Jobs (procrastinate_jobs)¶

Managed by procrastinate; stores task_name, args (document_id, pipeline_id, knowledge_base_id, etc.), status, attempts, timestamps

Auth and permissions¶

User (local auth only)¶

id (UUID), email (unique), username (unique), password_hash, is_admin, created_at, updated_at
Only present in OPENKMS_AUTH_MODE=local. In OIDC mode users are not stored here; identity comes from the JWT.

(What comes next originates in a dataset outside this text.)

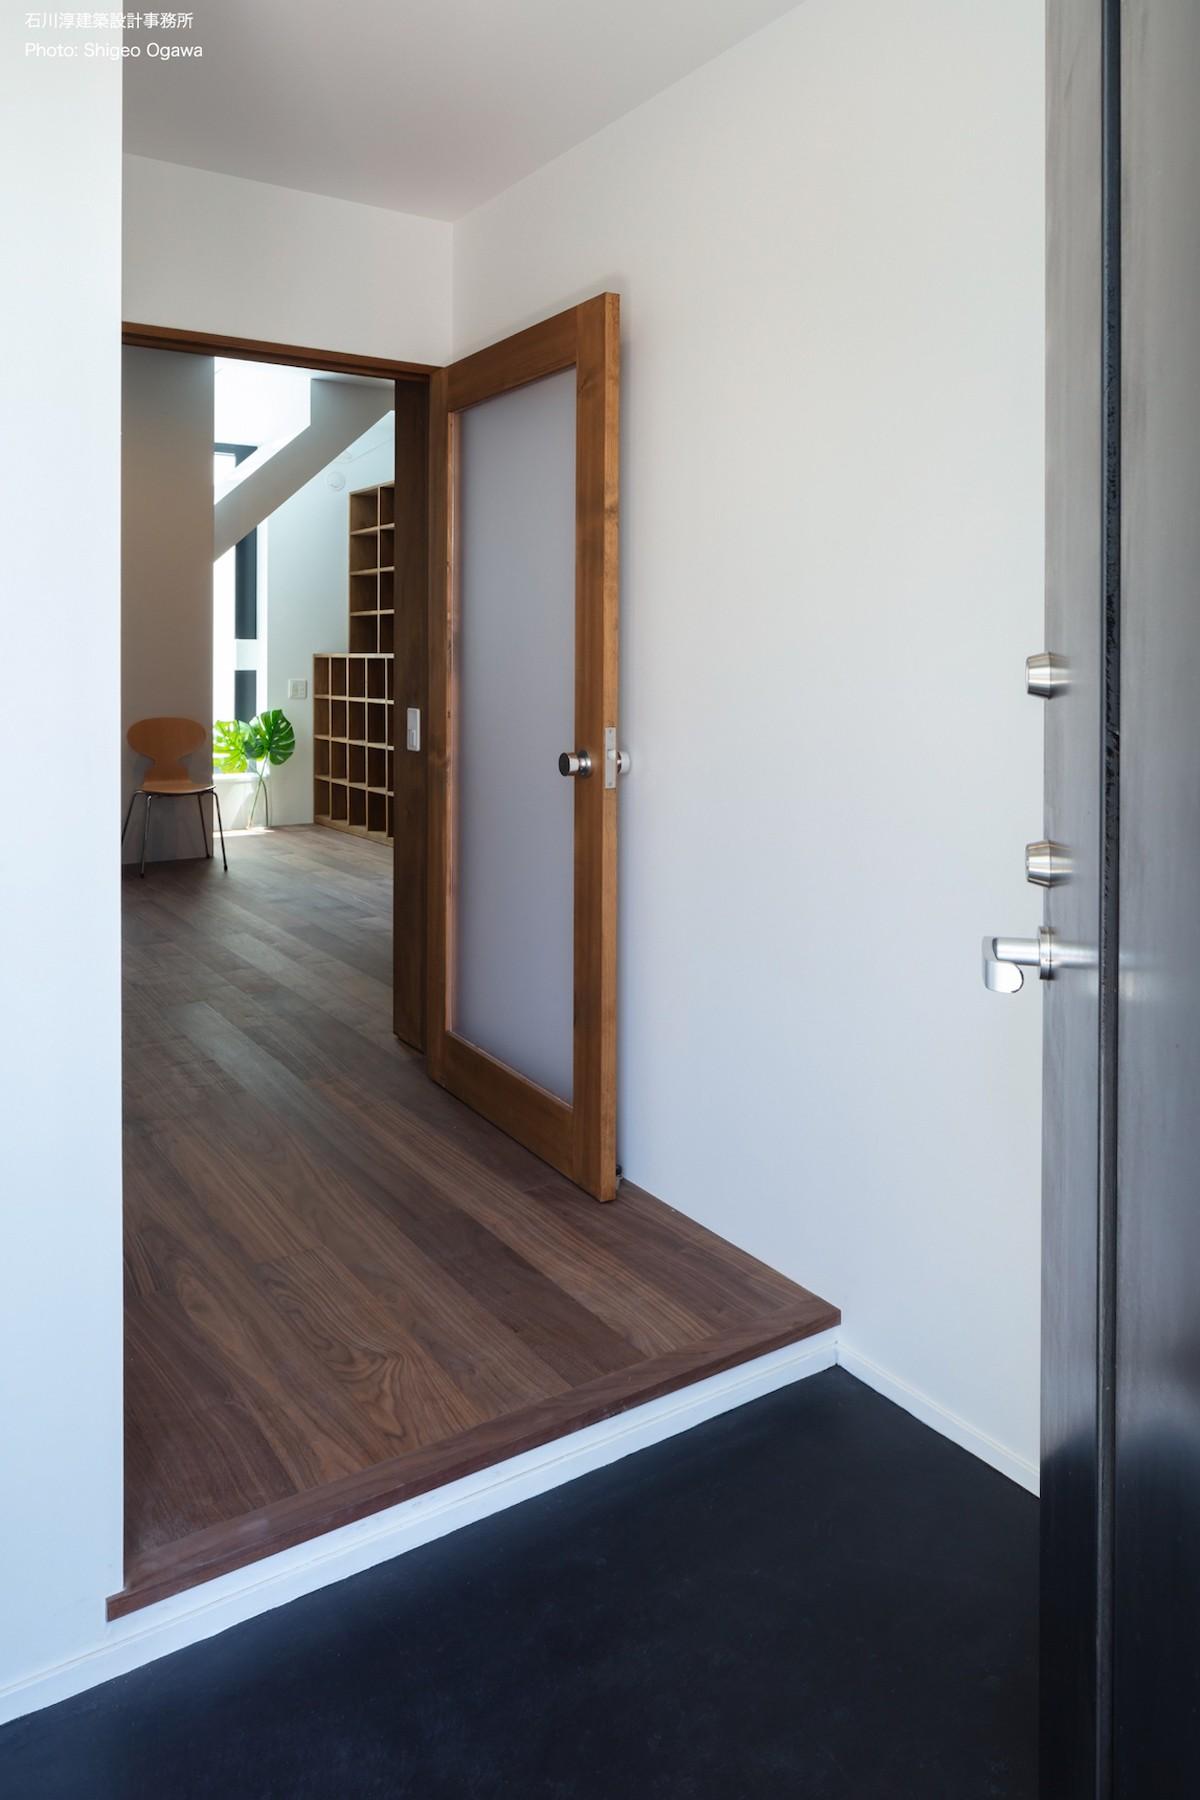 玄関事例:玄関の先には図書室(公園前の家 OUCHI-44)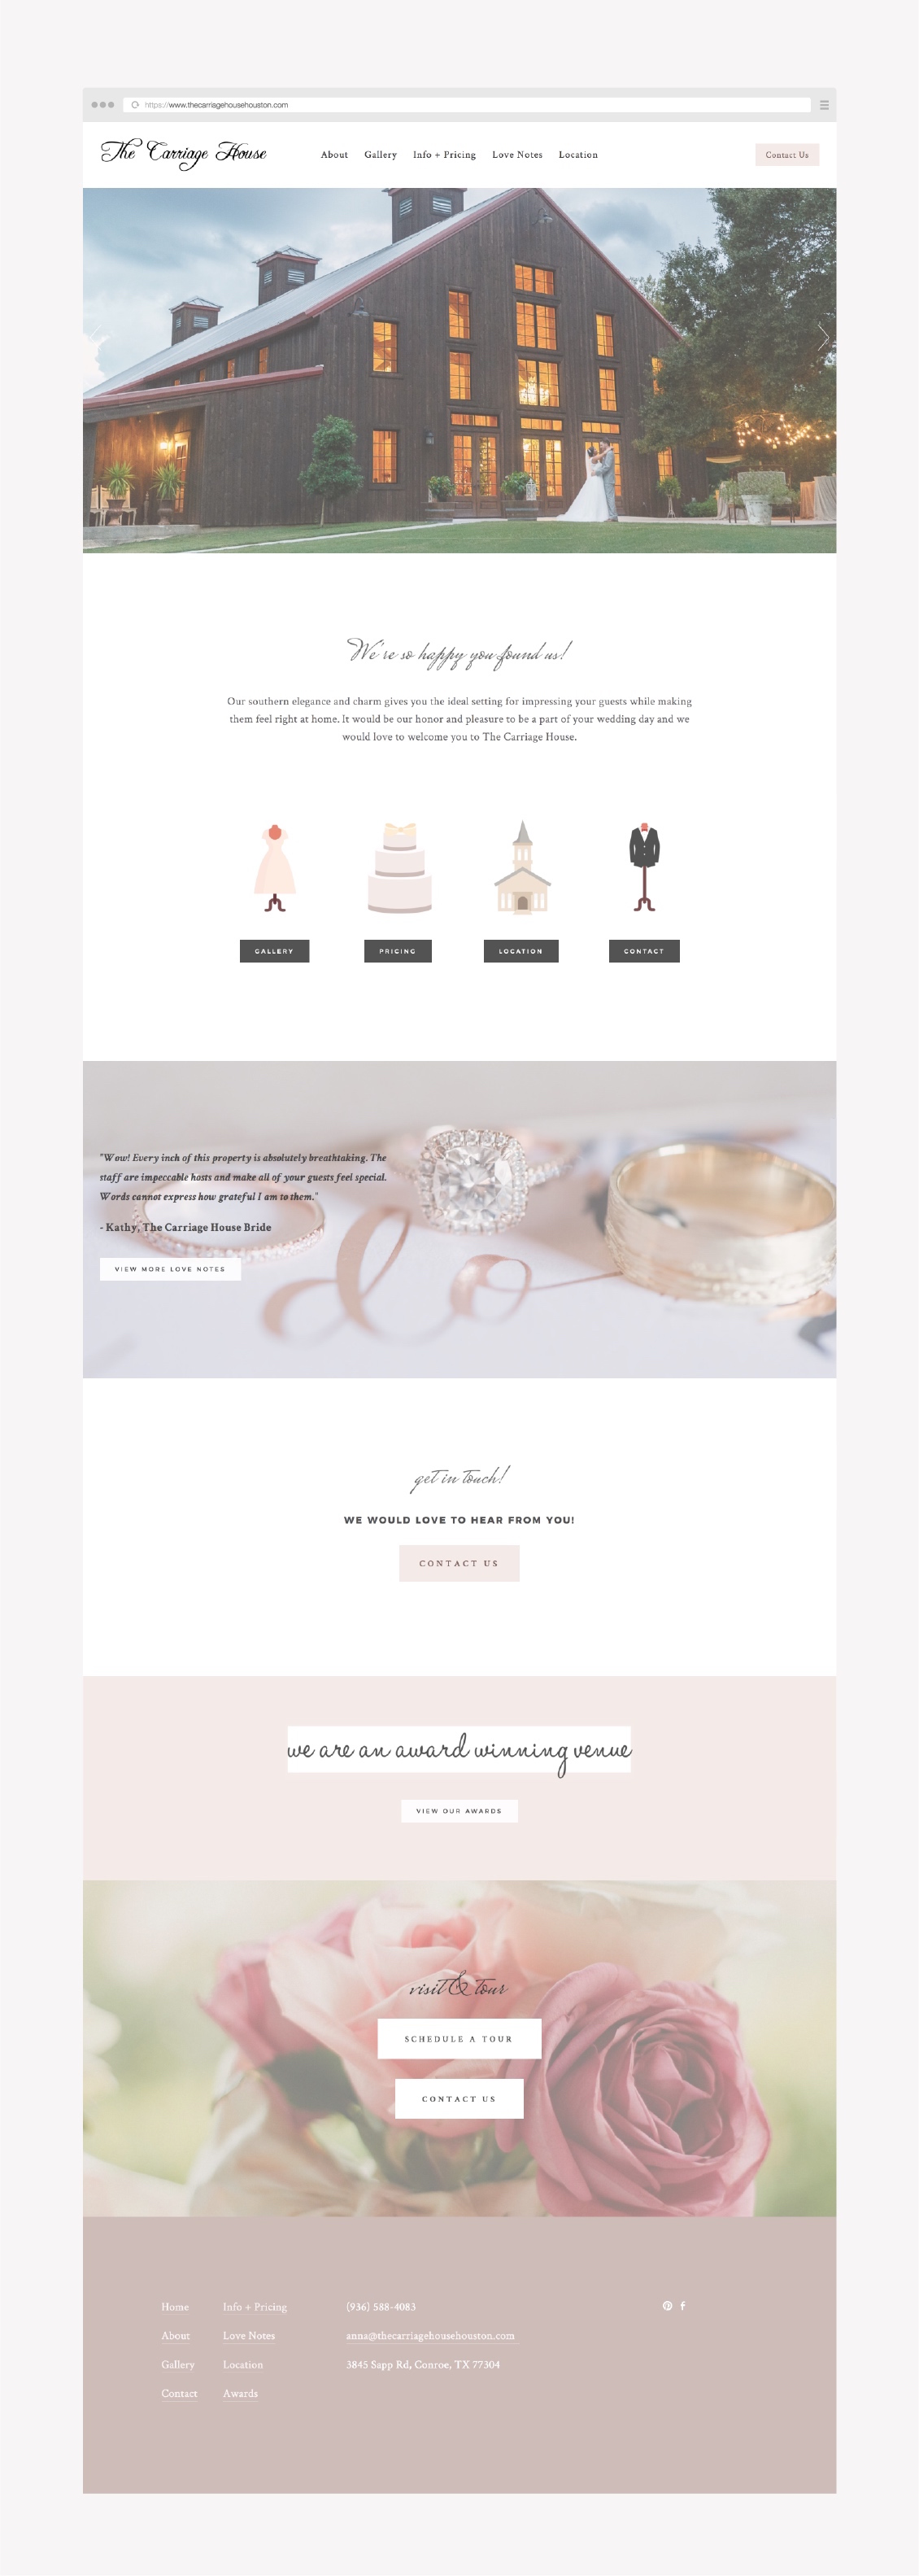 squarespace example website - wedding venue vendor.jpg

UserApiKey (personal API keys)¶

id (UUID string; embedded in issued token as okms.{id}.{secret}), owner_sub (JWT sub: local user id or OIDC IdP subject), auth_mode (local | oidc), name, key_prefix (short display prefix, no secret), secret_hash (bcrypt of secret segment only), oidc_realm_roles (JSONB snapshot of realm role names at creation; OIDC only), display_username, display_email (snapshot for /me-style claims), created_at, last_used_at, revoked_at (soft revoke)
Bearer tokens matching okms.{id}.{secret} authenticate as owner_sub with the same permission rules as a normal JWT (local: user_security_roles; OIDC: role snapshot on the key row).

SecurityRole¶

id (UUID), name (unique; e.g. admin, member), description, created_at
admin is seeded with key all and cannot be deleted; member is created on first non-admin local sign-in

SecurityRolePermission¶

id, role_id (FK → security_roles, CASCADE), permission_key (free-form key from the permission catalog); unique (role_id, permission_key)

UserSecurityRole¶

user_id (FK → users, CASCADE; PK), role_id (FK → security_roles, CASCADE; PK)
Local mode only; is_admin=true keeps a row for the admin role in sync

SecurityPermission (permission catalog)¶

id, key (unique; e.g. articles:write, console:groups), label, description, frontend_route_patterns (JSONB array of route globs for the SPA route gate / console sidebar), backend_api_patterns (JSONB array of METHOD path-glob rules used by strict middleware enforcement), sort_order, created_at
Editable from /console/permission-management. The built-in all row is rejected for edit/delete.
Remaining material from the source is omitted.